Starting from Helm v3.8.0, the OCI registry is supported by default. If you are using an older version, please upgrade to v3.8.0 or later. For more details, please refer to Helm OCI-based registries.

Note

If you are getting a 403 forbidden error, please try docker logout public.ecr.aws. Please see AWS document for more details.

If you would like to install only the control-plane components or the worker-plane components, please see multi_cluster_deployment{.interpreted-text role=“doc”}.

Step 6. Verify the installation

You can verify the installation by sending sample chat completion requests.

Note, if you have used LLMariner in other cases before you may need to delete the previous config by running rm -rf ~/.config/llmariner

The default login user name is admin@example.com and the password is password. You can change this by updating the Dex configuration (link).

echo "This is your endpoint URL: ${INGRESS_CONTROLLER_URL}/v1"

llma auth login
# Type the above endpoint URL.

llma models list

llma chat completions create --model google-gemma-2b-it-q4_0 --role user --completion "what is k8s?"

llma chat completions create --model meta-llama-Meta-Llama-3.1-8B-Instruct-q4_0 --role user --completion "hello"

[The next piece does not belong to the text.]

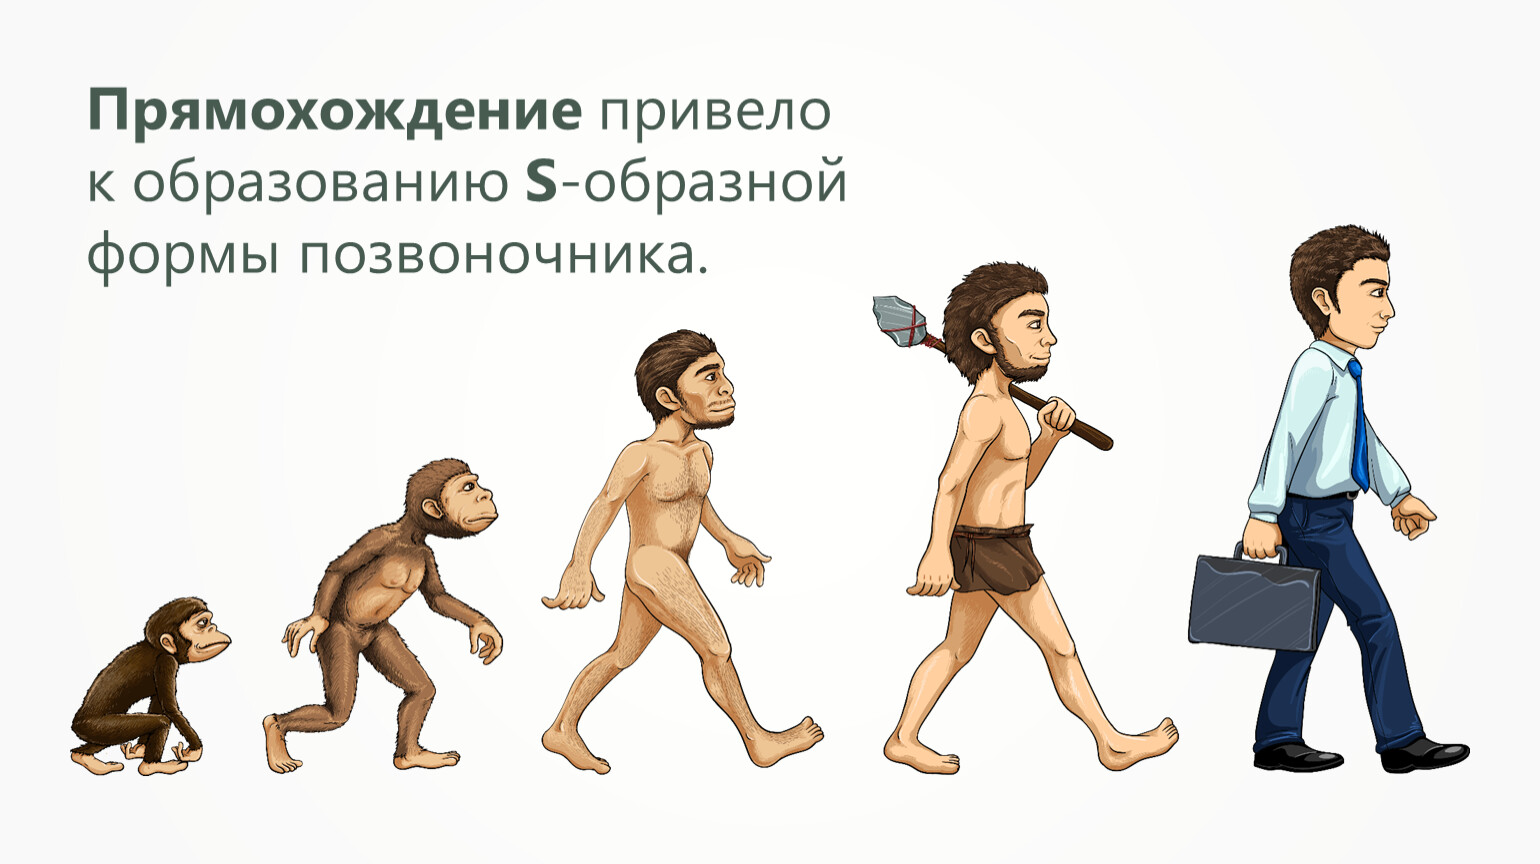 Прямохождения привело. Превращение в обезьяну. От обезьяны к человеку. Эволюция человека. Эволюция обезьяны в человека.

Optional: Monitor GPU utilization

If you would like to install Prometheus and Grafana to see GPU utilization, run:

# Add Prometheus
cat <<EOF > prom-scrape-configs.yaml
- job_name: nvidia-dcgm
  scrape_interval: 5s
  static_configs:
  - targets: ['nvidia-dcgm-exporter.nvidia.svc:9400']
- job_name: inference-manager-engine-metrics
  scrape_interval: 5s
  static_configs:
  - targets: ['inference-manager-server-http.llmariner.svc:8083']
EOF
helm repo add prometheus-community https://prometheus-community.github.io/helm-charts
helm repo update

helm upgrade --install --wait \
  --namespace monitoring \
  --create-namespace \
  --set-file extraScrapeConfigs=prom-scrape-configs.yaml \
  prometheus prometheus-community/prometheus

# Add Grafana with DCGM dashboard
cat <<EOF > grafana-values.yaml
datasources:
 datasources.yaml:
   apiVersion: 1
   datasources:
   - name: Prometheus
     type: prometheus
     url: http://prometheus-server
     isDefault: true
dashboardProviders:
  dashboardproviders.yaml:
    apiVersion: 1
    providers:
    - name: 'default'
      orgId: 1
      folder: 'default'
      type: file
      disableDeletion: true
      editable: true
      options:
        path: /var/lib/grafana/dashboards/standard
dashboards:
  default:
    nvidia-dcgm-exporter:
      gnetId: 12239
      datasource: Prometheus
EOF
helm repo add grafana https://grafana.github.io/helm-charts
helm repo update
helm upgrade --install --wait \
  --namespace monitoring \
  --create-namespace \
  -f grafana-values.yaml \
  grafana grafana/grafana

Optional: Enable TLS

First follow the cert-manager installation document and install cert-manager to your K8s cluster if you don’t have one. Then create a ClusterIssuer for your domain. Here is an example manifest that uses Let's Encrypt.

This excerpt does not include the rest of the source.